■ Items from a dataset
================================
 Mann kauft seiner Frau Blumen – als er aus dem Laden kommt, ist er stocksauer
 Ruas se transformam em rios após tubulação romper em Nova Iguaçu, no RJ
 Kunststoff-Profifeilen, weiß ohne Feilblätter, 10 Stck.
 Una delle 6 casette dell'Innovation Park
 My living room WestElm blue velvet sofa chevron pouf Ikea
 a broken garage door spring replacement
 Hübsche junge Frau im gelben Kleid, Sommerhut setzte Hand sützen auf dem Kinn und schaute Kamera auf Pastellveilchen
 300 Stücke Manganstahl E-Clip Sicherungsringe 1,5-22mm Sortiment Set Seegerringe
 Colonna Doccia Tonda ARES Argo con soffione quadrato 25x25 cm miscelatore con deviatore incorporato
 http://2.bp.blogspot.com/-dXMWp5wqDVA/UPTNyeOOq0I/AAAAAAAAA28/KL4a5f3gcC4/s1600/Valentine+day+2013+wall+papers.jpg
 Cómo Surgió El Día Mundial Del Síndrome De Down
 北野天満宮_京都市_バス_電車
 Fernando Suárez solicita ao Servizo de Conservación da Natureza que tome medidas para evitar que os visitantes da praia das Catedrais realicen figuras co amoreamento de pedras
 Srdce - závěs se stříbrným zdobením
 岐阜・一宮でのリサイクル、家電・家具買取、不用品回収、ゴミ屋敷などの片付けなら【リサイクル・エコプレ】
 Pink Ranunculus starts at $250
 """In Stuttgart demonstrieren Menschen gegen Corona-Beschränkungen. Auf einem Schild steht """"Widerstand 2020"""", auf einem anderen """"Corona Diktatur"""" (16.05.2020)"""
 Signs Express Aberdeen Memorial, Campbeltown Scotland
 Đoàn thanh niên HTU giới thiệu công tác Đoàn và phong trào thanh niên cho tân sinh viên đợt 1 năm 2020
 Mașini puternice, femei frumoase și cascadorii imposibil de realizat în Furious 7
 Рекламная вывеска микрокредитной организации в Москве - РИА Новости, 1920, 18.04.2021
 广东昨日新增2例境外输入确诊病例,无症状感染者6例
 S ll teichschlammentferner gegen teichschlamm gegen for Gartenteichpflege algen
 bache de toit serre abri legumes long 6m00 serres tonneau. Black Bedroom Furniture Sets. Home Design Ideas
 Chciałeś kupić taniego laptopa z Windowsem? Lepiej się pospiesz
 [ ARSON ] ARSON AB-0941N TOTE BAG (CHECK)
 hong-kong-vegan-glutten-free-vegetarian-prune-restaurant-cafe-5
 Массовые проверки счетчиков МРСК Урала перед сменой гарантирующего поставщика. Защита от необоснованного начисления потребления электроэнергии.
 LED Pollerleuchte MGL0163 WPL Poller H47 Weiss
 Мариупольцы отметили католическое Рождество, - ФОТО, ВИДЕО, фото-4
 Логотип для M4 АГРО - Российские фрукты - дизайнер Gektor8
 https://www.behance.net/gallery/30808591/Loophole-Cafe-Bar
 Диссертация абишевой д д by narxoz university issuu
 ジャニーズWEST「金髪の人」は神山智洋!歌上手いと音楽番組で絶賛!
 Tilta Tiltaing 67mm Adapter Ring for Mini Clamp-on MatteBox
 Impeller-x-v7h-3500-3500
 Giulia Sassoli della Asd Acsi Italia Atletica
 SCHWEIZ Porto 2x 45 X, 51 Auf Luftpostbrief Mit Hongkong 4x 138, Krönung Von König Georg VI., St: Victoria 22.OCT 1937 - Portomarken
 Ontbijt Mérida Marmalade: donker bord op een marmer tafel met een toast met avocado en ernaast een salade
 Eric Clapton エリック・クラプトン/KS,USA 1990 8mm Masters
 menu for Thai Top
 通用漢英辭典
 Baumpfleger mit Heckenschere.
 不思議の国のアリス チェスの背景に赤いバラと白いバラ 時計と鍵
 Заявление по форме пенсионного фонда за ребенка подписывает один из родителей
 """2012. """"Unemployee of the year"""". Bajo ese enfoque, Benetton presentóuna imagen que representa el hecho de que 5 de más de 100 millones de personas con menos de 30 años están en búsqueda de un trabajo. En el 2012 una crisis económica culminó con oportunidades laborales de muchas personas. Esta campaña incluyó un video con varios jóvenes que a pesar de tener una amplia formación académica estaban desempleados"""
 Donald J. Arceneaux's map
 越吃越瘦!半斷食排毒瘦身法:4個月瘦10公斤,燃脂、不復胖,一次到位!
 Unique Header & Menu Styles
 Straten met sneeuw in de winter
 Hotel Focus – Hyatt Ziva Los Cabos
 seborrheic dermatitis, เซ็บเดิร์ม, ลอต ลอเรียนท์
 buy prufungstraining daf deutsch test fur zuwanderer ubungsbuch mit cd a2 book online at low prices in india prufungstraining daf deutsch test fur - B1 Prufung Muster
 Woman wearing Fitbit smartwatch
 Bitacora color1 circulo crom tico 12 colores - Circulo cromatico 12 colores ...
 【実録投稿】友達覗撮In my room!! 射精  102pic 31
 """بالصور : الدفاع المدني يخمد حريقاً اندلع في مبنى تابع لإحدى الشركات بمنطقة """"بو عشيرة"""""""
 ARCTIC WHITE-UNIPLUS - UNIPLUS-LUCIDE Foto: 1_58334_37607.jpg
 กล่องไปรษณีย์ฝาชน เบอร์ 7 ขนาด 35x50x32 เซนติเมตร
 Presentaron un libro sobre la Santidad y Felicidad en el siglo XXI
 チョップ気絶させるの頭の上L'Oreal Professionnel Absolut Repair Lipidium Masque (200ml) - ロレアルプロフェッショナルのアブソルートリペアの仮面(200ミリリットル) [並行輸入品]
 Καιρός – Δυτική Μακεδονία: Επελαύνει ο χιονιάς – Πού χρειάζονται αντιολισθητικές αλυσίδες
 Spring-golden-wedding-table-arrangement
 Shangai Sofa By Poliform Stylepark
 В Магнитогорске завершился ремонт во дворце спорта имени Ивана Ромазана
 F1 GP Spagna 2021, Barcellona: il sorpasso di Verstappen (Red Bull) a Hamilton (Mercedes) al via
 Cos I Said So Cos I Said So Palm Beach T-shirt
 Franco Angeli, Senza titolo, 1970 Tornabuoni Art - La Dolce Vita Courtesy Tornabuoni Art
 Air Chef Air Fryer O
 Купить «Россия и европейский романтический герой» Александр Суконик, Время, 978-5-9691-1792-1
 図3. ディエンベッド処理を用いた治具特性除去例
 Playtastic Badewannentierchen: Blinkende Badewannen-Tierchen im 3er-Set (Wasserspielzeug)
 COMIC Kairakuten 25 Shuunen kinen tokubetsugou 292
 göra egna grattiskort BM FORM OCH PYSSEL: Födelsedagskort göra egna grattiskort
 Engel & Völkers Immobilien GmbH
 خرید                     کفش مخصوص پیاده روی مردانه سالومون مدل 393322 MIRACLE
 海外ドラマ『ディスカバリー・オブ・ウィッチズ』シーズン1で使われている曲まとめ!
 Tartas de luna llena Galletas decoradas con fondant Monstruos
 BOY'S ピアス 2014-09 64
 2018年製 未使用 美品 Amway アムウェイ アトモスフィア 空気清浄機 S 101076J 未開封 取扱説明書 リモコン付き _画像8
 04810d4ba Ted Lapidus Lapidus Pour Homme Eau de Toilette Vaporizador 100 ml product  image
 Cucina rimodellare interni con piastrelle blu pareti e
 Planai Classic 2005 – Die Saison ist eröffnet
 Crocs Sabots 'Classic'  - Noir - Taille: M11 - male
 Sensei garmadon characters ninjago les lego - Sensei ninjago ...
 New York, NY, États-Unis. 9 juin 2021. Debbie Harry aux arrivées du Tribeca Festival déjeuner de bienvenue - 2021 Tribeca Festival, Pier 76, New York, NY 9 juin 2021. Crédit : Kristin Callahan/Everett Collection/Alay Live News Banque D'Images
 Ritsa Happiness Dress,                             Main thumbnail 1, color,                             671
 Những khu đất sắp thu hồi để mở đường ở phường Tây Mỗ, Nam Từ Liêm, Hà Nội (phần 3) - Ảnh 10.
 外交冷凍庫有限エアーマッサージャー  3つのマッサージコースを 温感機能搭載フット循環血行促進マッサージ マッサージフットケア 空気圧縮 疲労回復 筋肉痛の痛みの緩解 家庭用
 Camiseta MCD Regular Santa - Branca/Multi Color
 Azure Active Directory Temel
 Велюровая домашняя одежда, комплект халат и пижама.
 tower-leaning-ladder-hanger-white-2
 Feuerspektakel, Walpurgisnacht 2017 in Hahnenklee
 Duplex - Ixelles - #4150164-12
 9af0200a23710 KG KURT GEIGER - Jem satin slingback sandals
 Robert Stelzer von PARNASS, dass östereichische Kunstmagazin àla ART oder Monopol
================================
■ YOUR TASK
I'd like the lines above from the one with "广东昨日新增2例境外输入确诊病例,无症状感染者6例" up to and including the one with "Мариупольцы отметили католическое" copied exactly, with no other lines.

■ EXPECTED OUTPUT
 广东昨日新增2例境外输入确诊病例,无症状感染者6例
 S ll teichschlammentferner gegen teichschlamm gegen for Gartenteichpflege algen
 bache de toit serre abri legumes long 6m00 serres tonneau. Black Bedroom Furniture Sets. Home Design Ideas
 Chciałeś kupić taniego laptopa z Windowsem? Lepiej się pospiesz
 [ ARSON ] ARSON AB-0941N TOTE BAG (CHECK)
 hong-kong-vegan-glutten-free-vegetarian-prune-restaurant-cafe-5
 Массовые проверки счетчиков МРСК Урала перед сменой гарантирующего поставщика. Защита от необоснованного начисления потребления электроэнергии.
 LED Pollerleuchte MGL0163 WPL Poller H47 Weiss
 Мариупольцы отметили католическое Рождество, - ФОТО, ВИДЕО, фото-4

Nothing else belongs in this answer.